━━━━━ Dataset excerpt

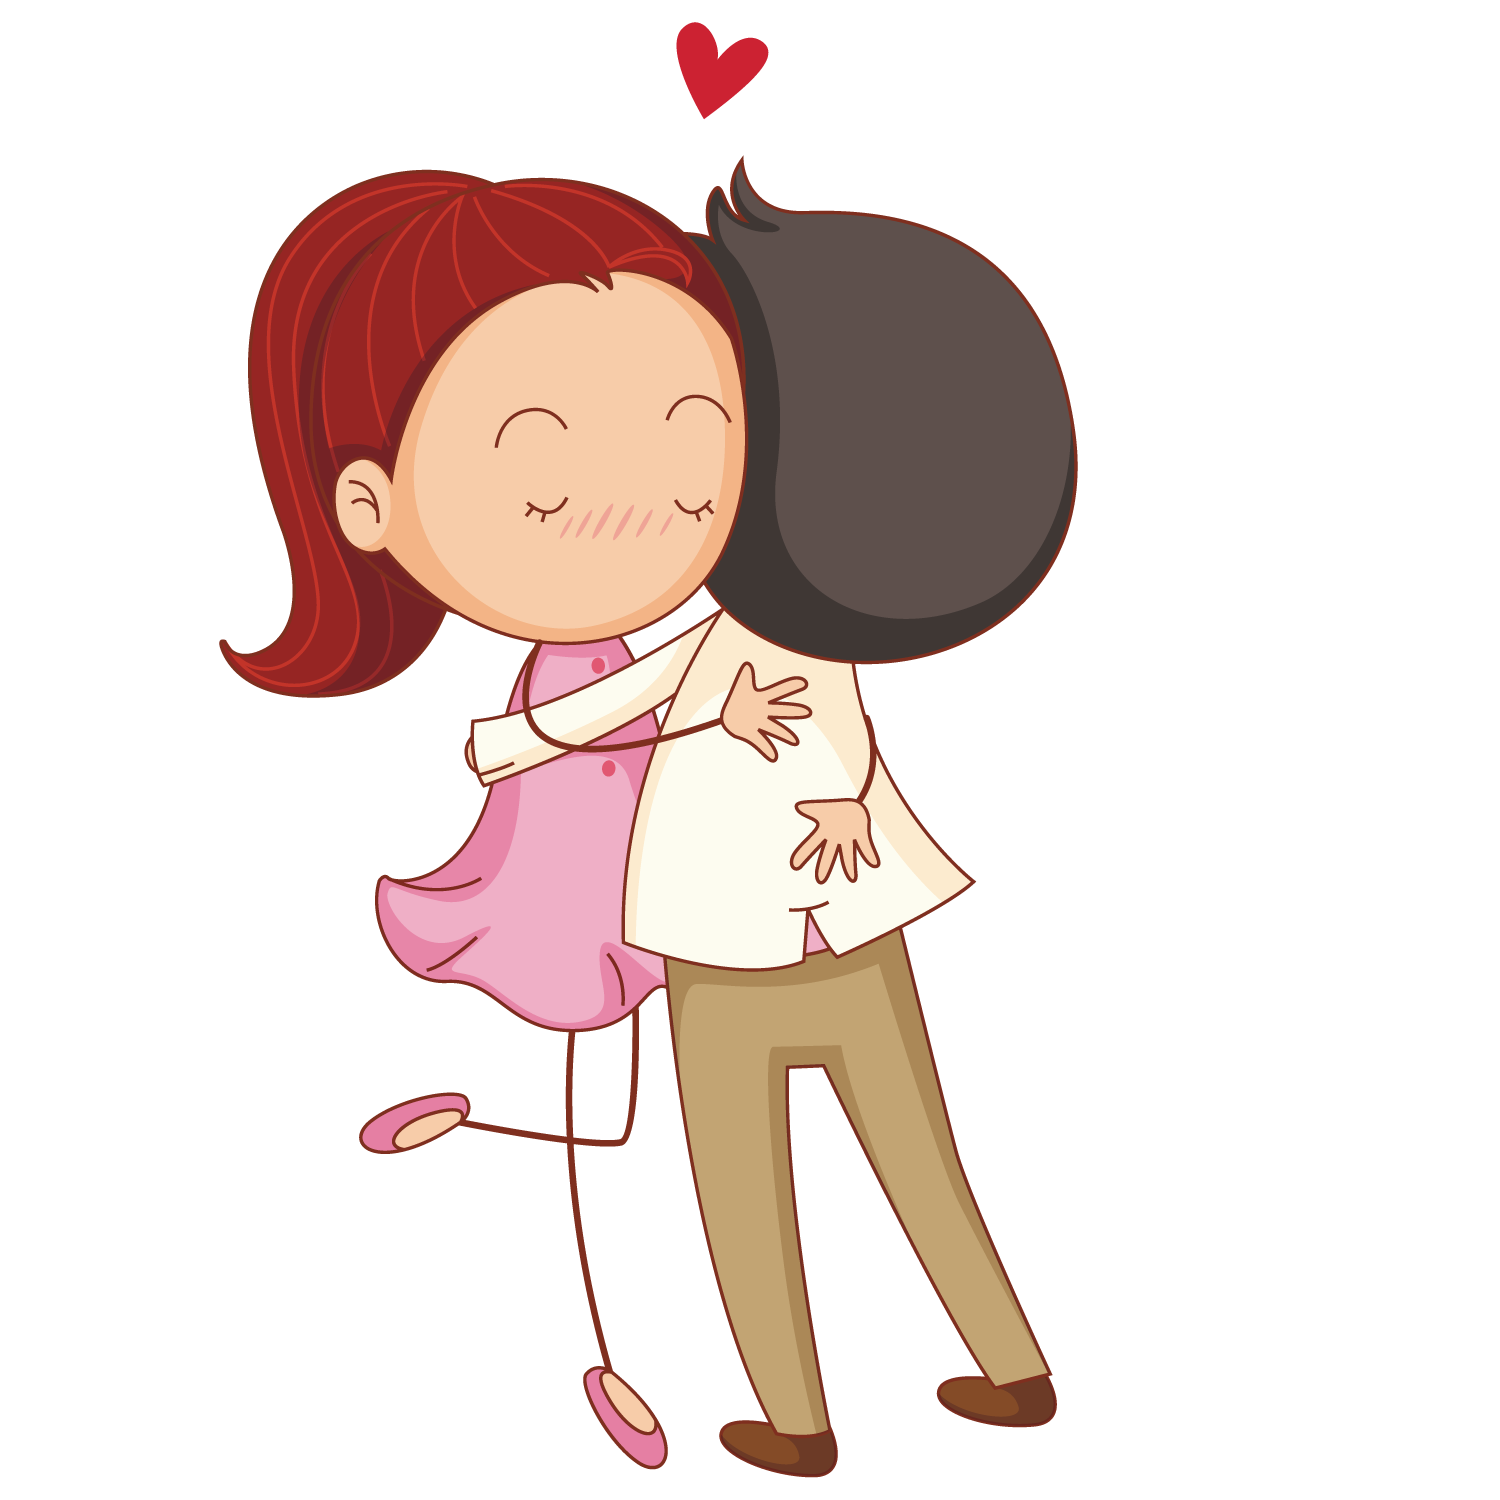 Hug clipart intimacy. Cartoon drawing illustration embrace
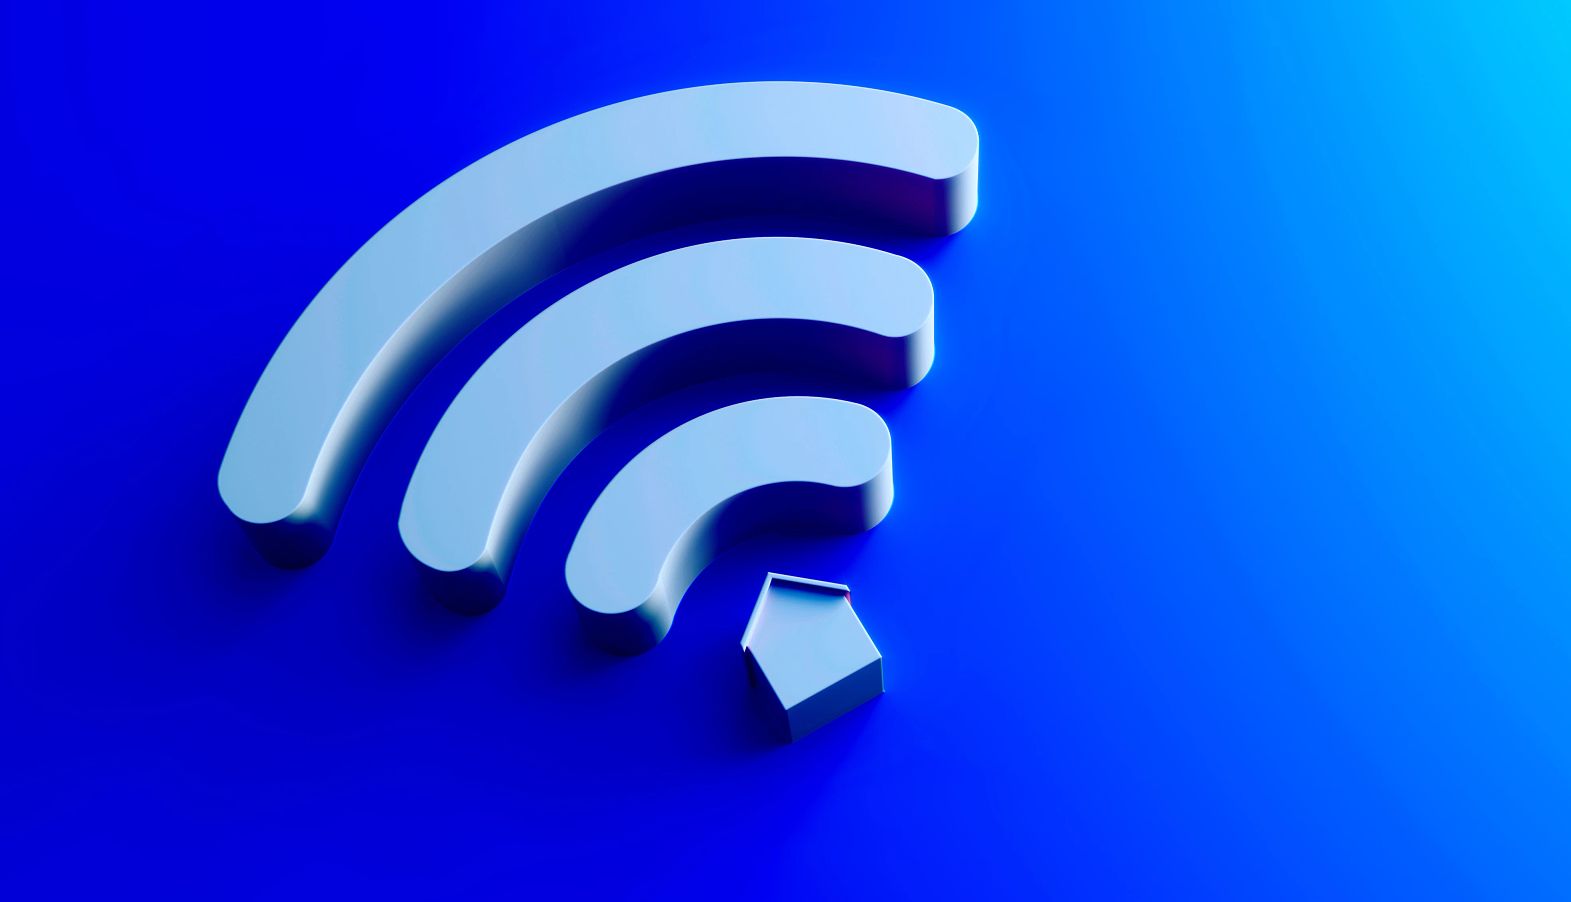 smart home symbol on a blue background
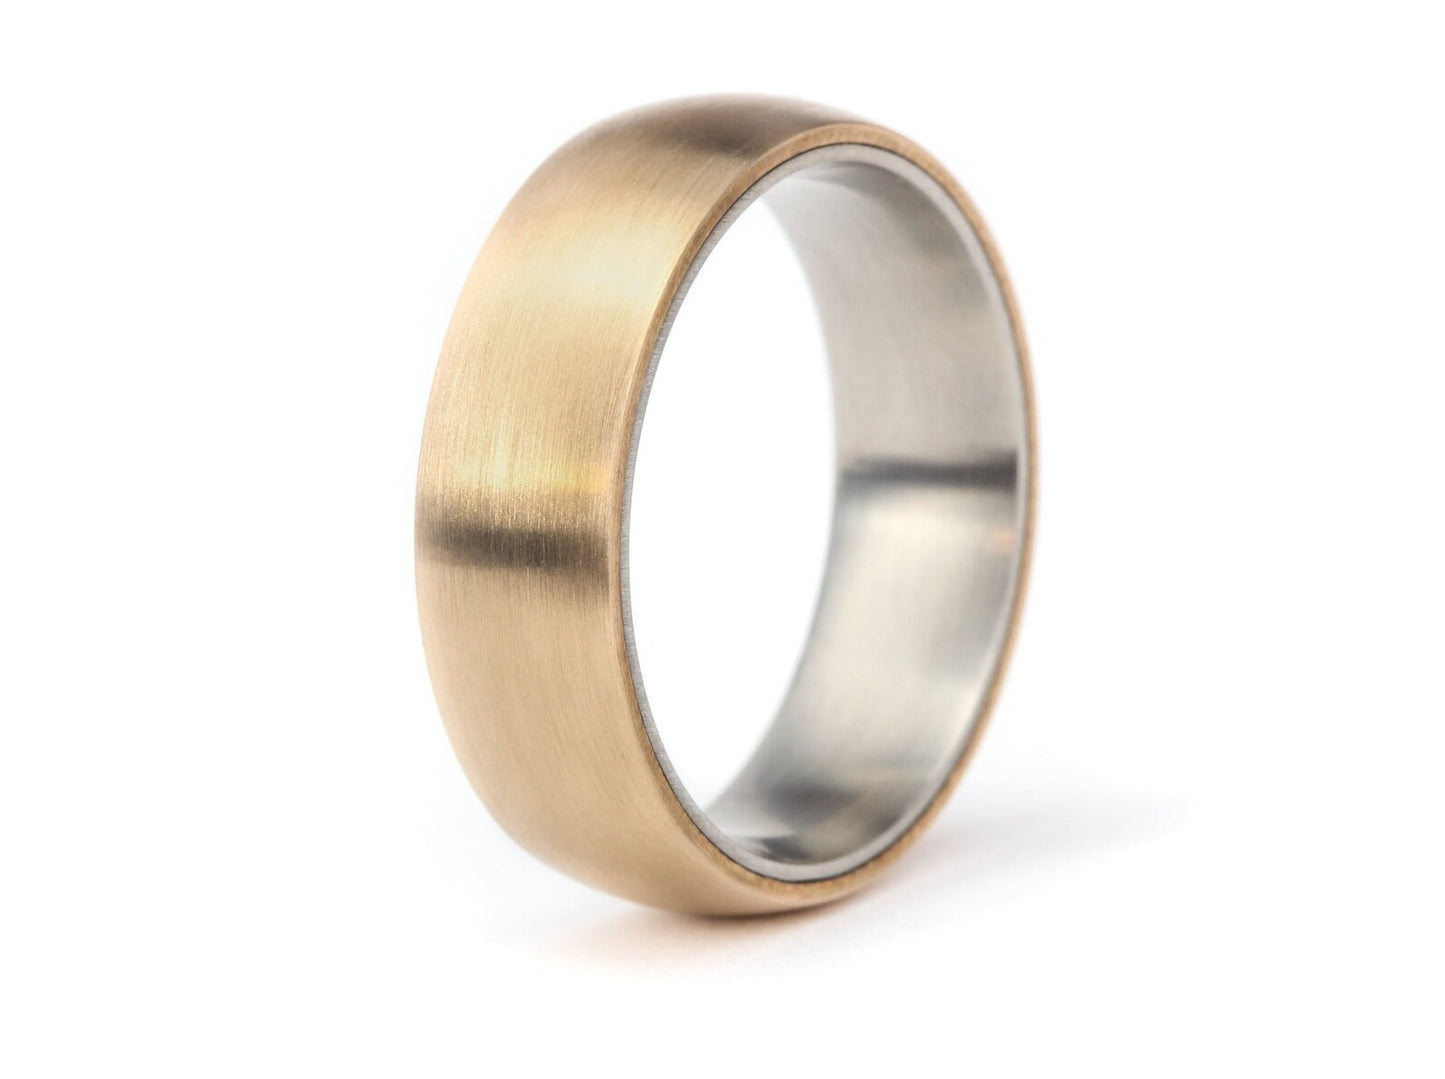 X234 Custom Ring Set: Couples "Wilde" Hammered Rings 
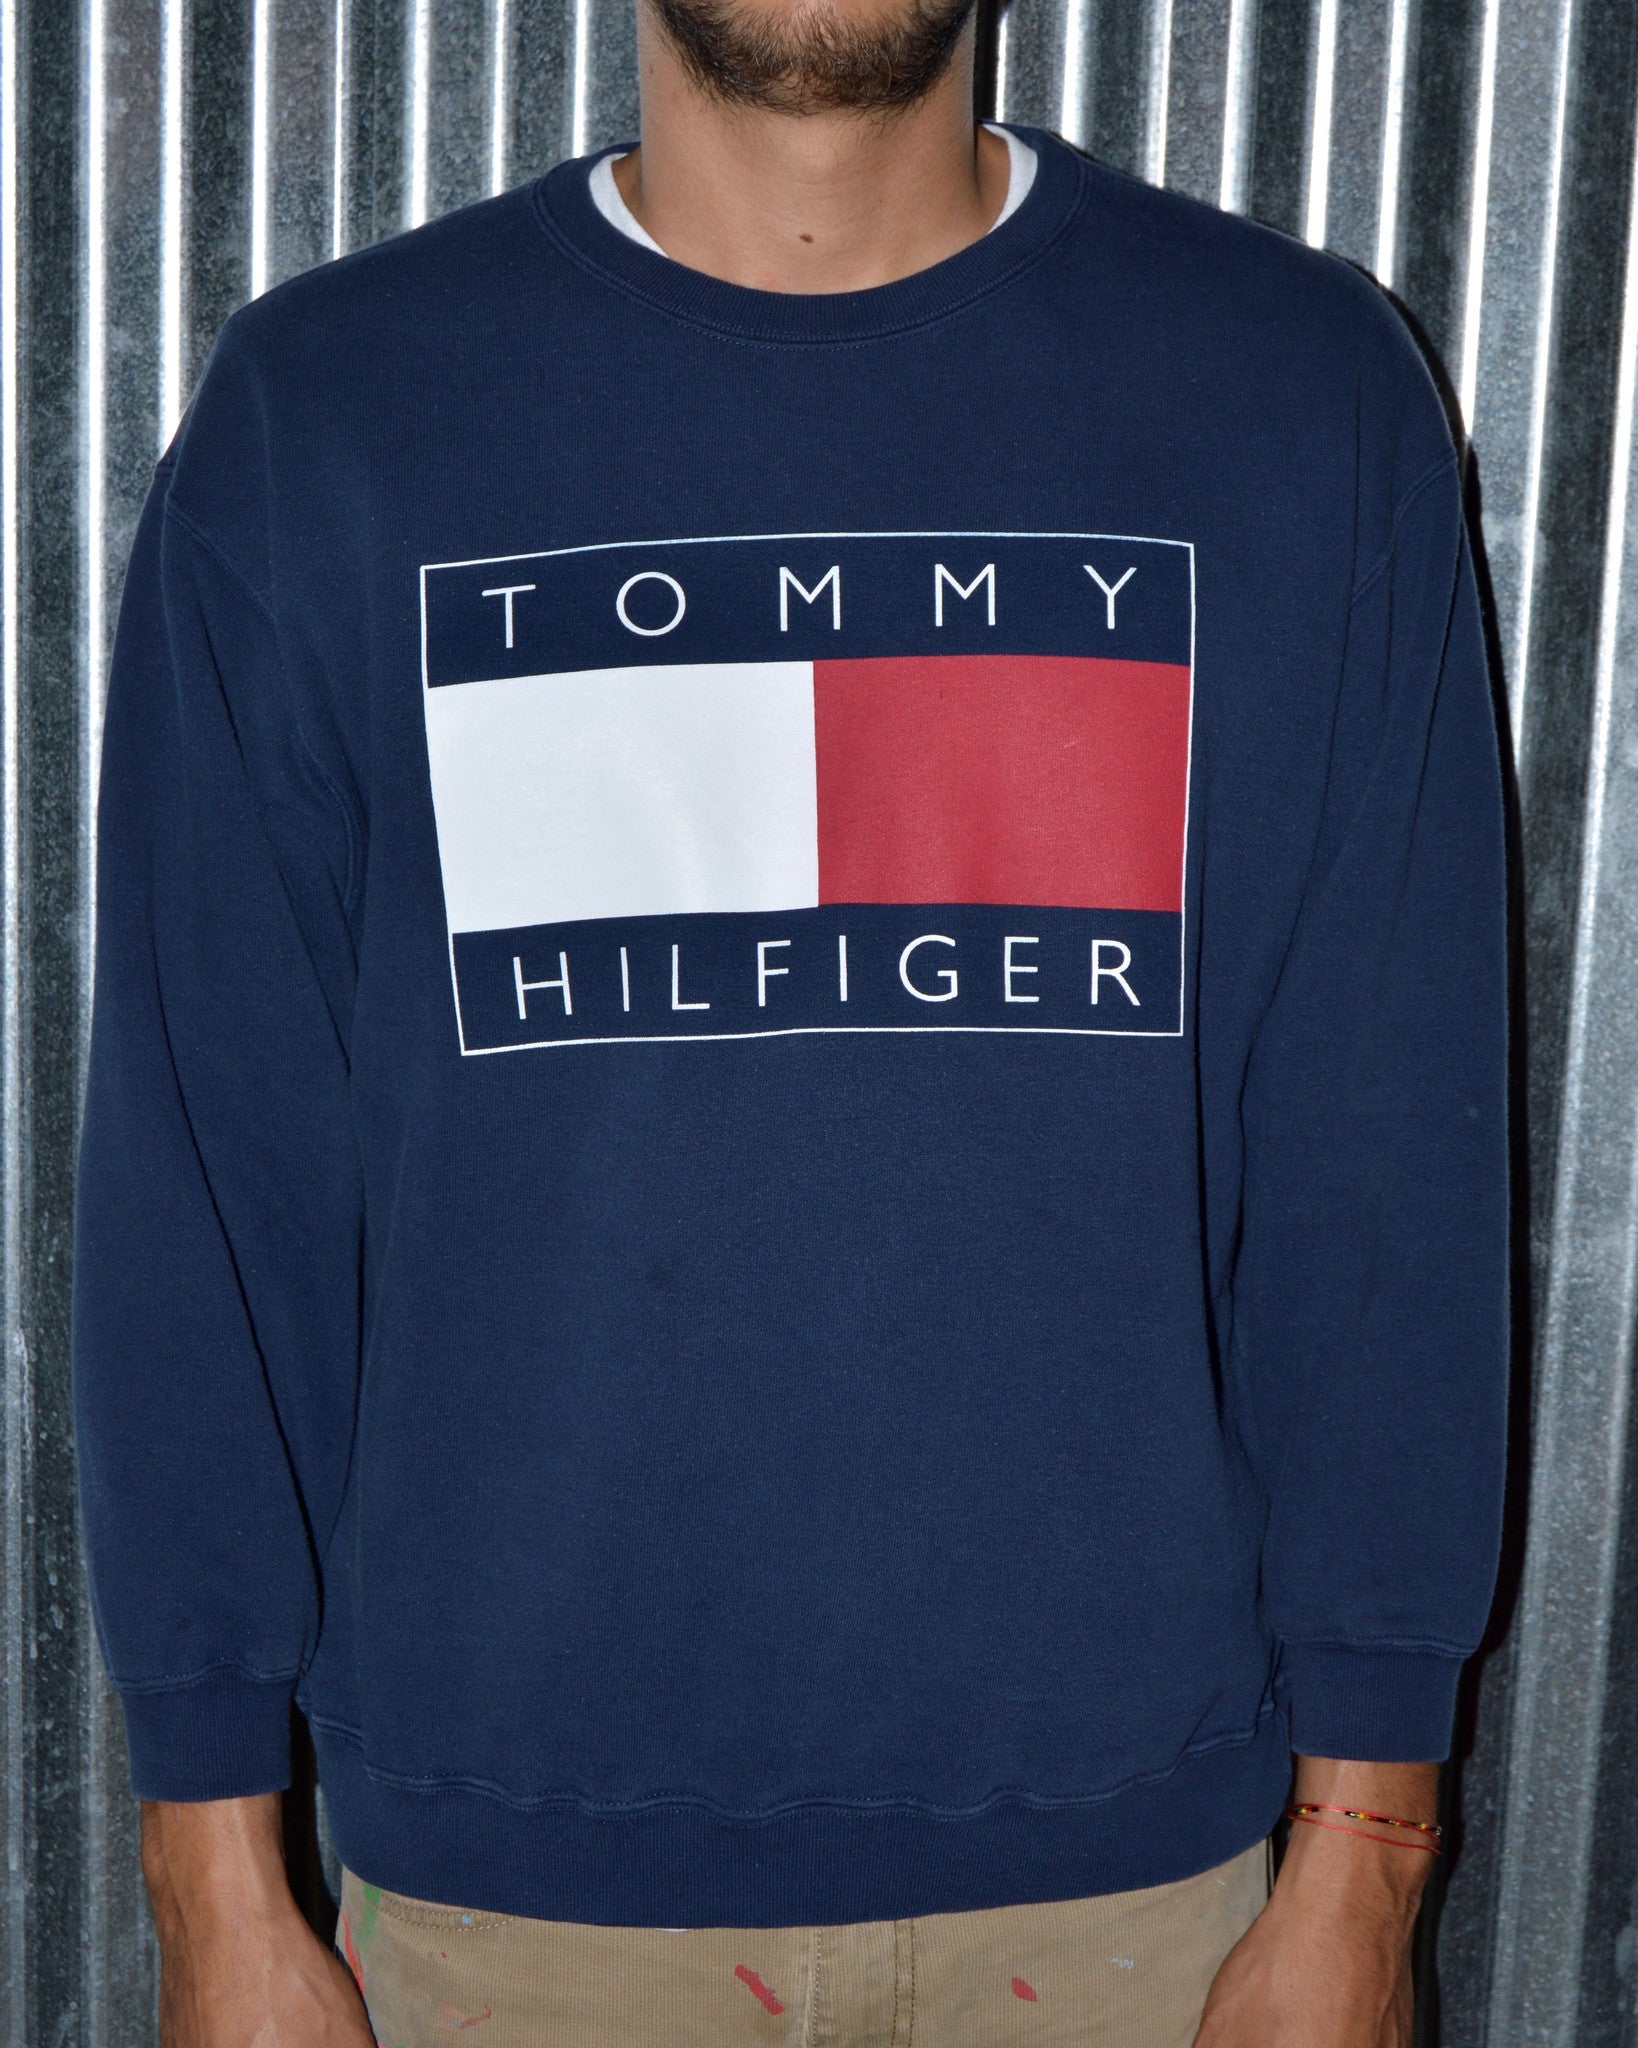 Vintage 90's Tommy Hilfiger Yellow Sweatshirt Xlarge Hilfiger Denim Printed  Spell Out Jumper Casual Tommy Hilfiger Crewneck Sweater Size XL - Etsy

━━━━━━━━━━

__Task__: Without any of its images, the data above should be returned exactly.

__Problem solution__:
 Hug clipart intimacy. Cartoon drawing illustration embrace
 smart home symbol on a blue background
 X234 Custom Ring Set: Couples "Wilde" Hammered Rings 
 Vintage 90's Tommy Hilfiger Yellow Sweatshirt Xlarge Hilfiger Denim Printed  Spell Out Jumper Casual Tommy Hilfiger Crewneck Sweater Size XL - Etsy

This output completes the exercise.